Слезами залит мир безбрежный,

Вся наша жизнь – тяжелый труд,

Но день настанет неизбежный...



В камеру вбежал дежурный надзиратель:

– Прекратить! По-хорошему предупреждаю!

Но все арестанты разом подхватили:

Лейся в даль, наш напев! Мчись кругом!

Над миром наше знамя реет,

И несет клич борьбы, мести гром...



Ворвались три стражника, щедро наделили подзатыльниками и зуботычинами. Но Серго злее всех кричал:

– Пока не явится начальник тюрьмы, не прекратим!

Вскоре – уже вечерело – в мятежную камеру пожаловали их сиятельство барон Зимберг. Розовощек, белокур, похож на императора Александра Первого, каким Серго представлял того по портретам. Палаш, пуговицы, генеральские погоны – все сияет и сверкает. Пение тут же прекратилось, и арестанты встали навытяжку.

Барона шлиссельбуржцы боялись и уважали. Обычно солдаты с опаской ждали: вот каторжник выкинет что-то. Каторжники знали, что их побаивались. Это возбуждало стремление покуражиться. И в то же время нравились лишь начальники, не боявшиеся арестантов. Когда они замечали, что Зимберг ходил по крепости без охраны, это приятно поражало их. Если что-то среди них назревало, то в присутствии барона никогда не прорывалось. Надеясь на это, как на верное средство укрощения страстей, барон и явился в камеру. Острыми, ощупывающими глазами без труда определил в Серго зачинщика, обратился к нему почти вкрадчиво:

– Напрасно изволите беспокоиться. Хотя вы и лишены прав состояния, государь милосерд. И мы, слуги его, радетельны. Да-с. Вы – человек идеи, готовый за нее, так сказать, на крест. Я умею это ценить. О вас мне все известно. Да-с. В январе минувшего, тысяча девятьсот двенадцатого, златоглавая Прага была осчастливлена невиданным наплывом российских большевиков. Конференция, собранная не без вашего усерднейшего содействия, возродила партию, определила направление дальнейшей работы. В Центральный Комитет, возглавляемый Ульяновым, был избран и «товарищ Серго». Самый молодой, кстати, среди всех избранников. Для проведения практической работы на территории нашего отечества в Праге было образовано Русское бюро, куда также был введен и «товарищ Серго». Прямым результатом упомянутой практической деятельности и явилось его пребывание в наших пенатах.

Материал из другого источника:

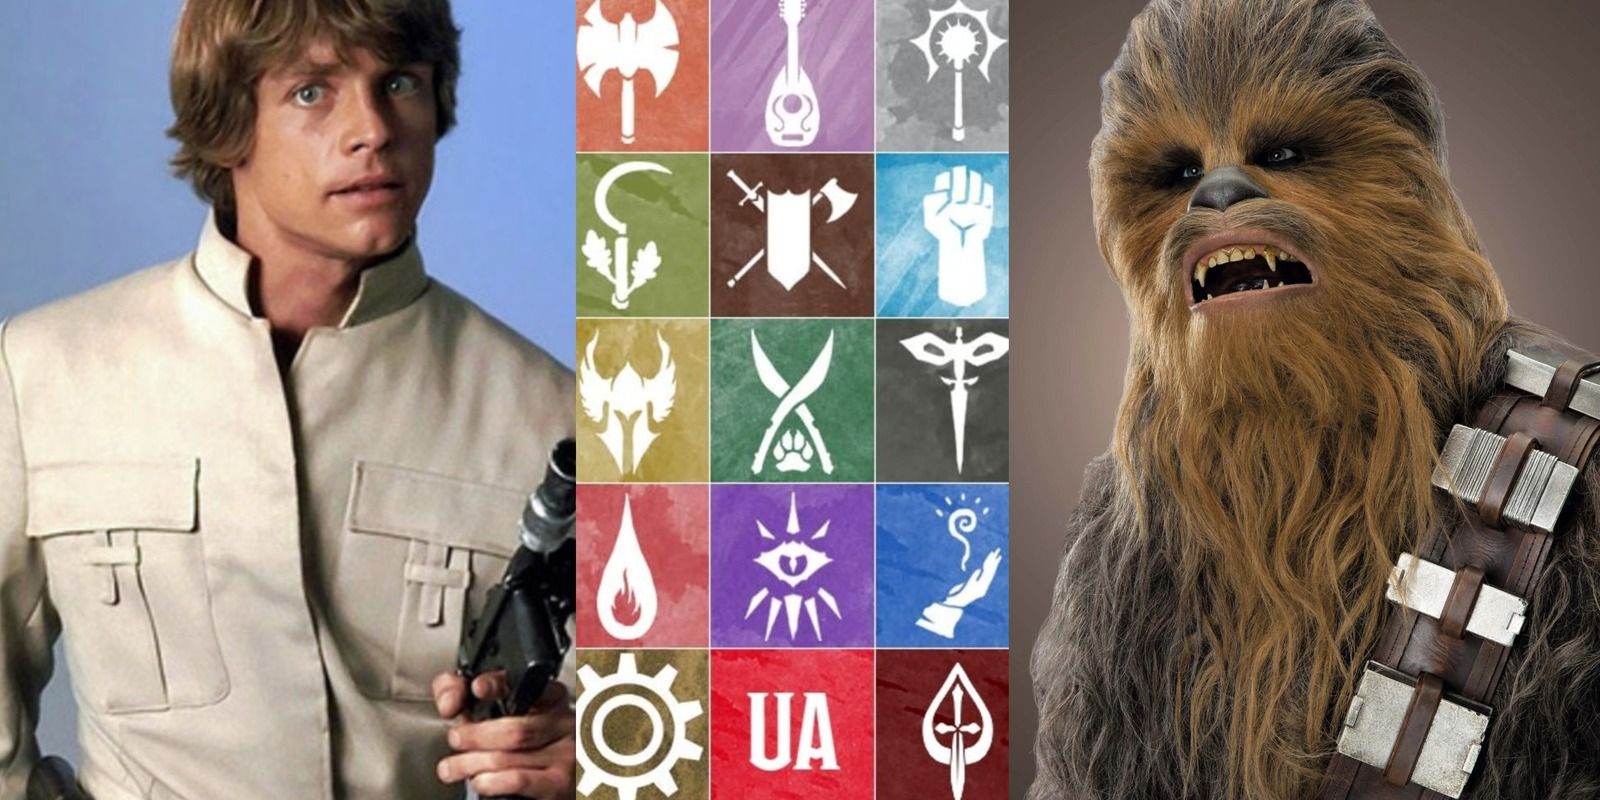 Split image of Luke Skywalker, Dungeons and Dragons classes, and Chewbacca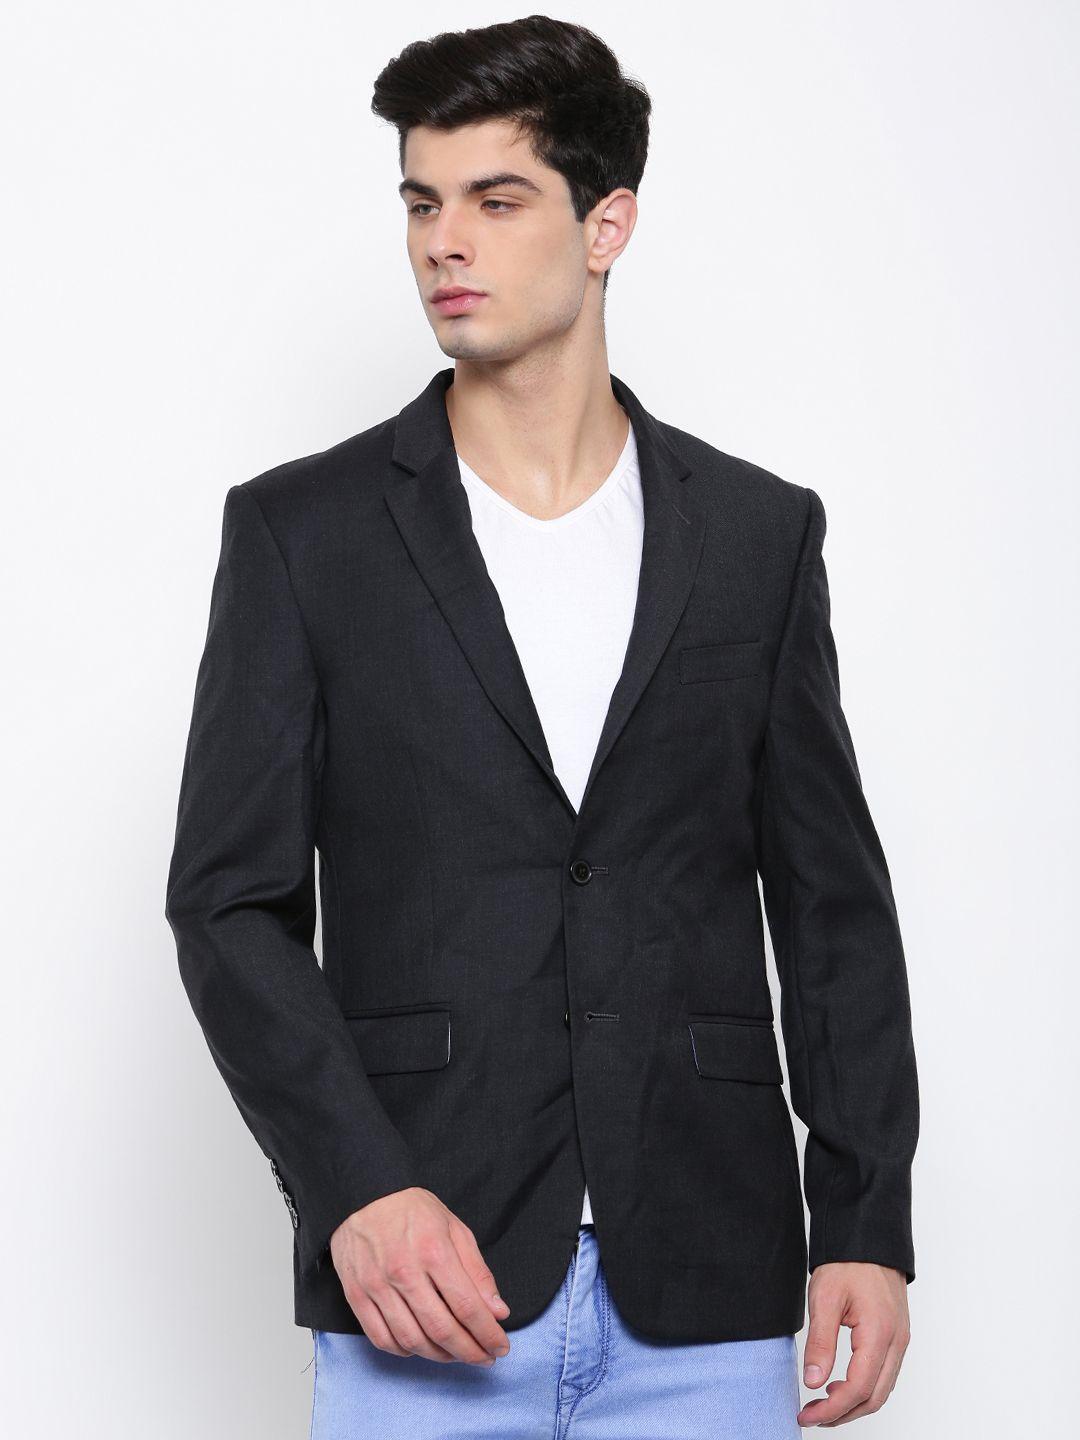 u.s. polo assn. charcoal grey regular fit single-breasted smart casual blazer

– Хм! Остроумно. Да, я практик, господин барон. Люблю жизнь, люблю работу.– Серго заговорил без прежней усмешки.– По-моему, Россия больше всего страдает от недостатка людей, способных делать дело. Поминутно жалуются, что у нас нет людей практических... Изобретатели и гении почти всегда при начале своего поприща – а очень часто и в конце – считались в обществе не более как дураками – это уж самое рутинное замечание, слишком всем известное...

– Прекратить большевистскую агитацию!

– Это не я, ваше сиятельство. Это Достоевский агитирует, Федор Михайлович. Вот, извольте, его роман «Идиот» – просмотрено и дозволено особой цензурой для тюремных библиотек...

– Феноменальная память! – заметил кто-то за спиной.– Три вечера всего подержал в руках...

– Идиота из меня строите! – вспылил барон, но осекся.– Бог ведает, что вы тут заучиваете... Изобретатель и гений выискался! Не много ли на себя берете, «товарищ Серго»? Хотя бы цените ту обстановку, в коей содержитесь. Наша тюрьма отвечает всем требованиям. Где еще видели тюрьму с паровым отоплением, с теплыми ватер-клозетами, с той же библиотекой, наконец?

– Бесспорно, ваше сиятельство. С вами надо бы согласиться, когда б не одна мелочь. За девятьсот седьмой – девятьсот девятый в наши комфортабельные тюрьмы поступило двадцать восемь тысяч осужденных за то, что стремились делать добро для отечества. Из них семь тысяч пятьсот казнены. А сколько вынесено вперед ногами по милости жрецов культуры, подобных Сергееву?

– Н-да-с... Тому, кто уверовал, что дважды два пять, бессмысленно втолковывать таблицу умножения! Чего добиваетесь?

– Увольнения надзирателя Сергеева.

– И только-то?! – Барон усмехнулся так, точно ему предложили отрезать правую руку.– И всего-то?!

– Но он, согласитесь, не гармонирует с вашей тюремной благодатью, с этими камерами, ватер-клозетами...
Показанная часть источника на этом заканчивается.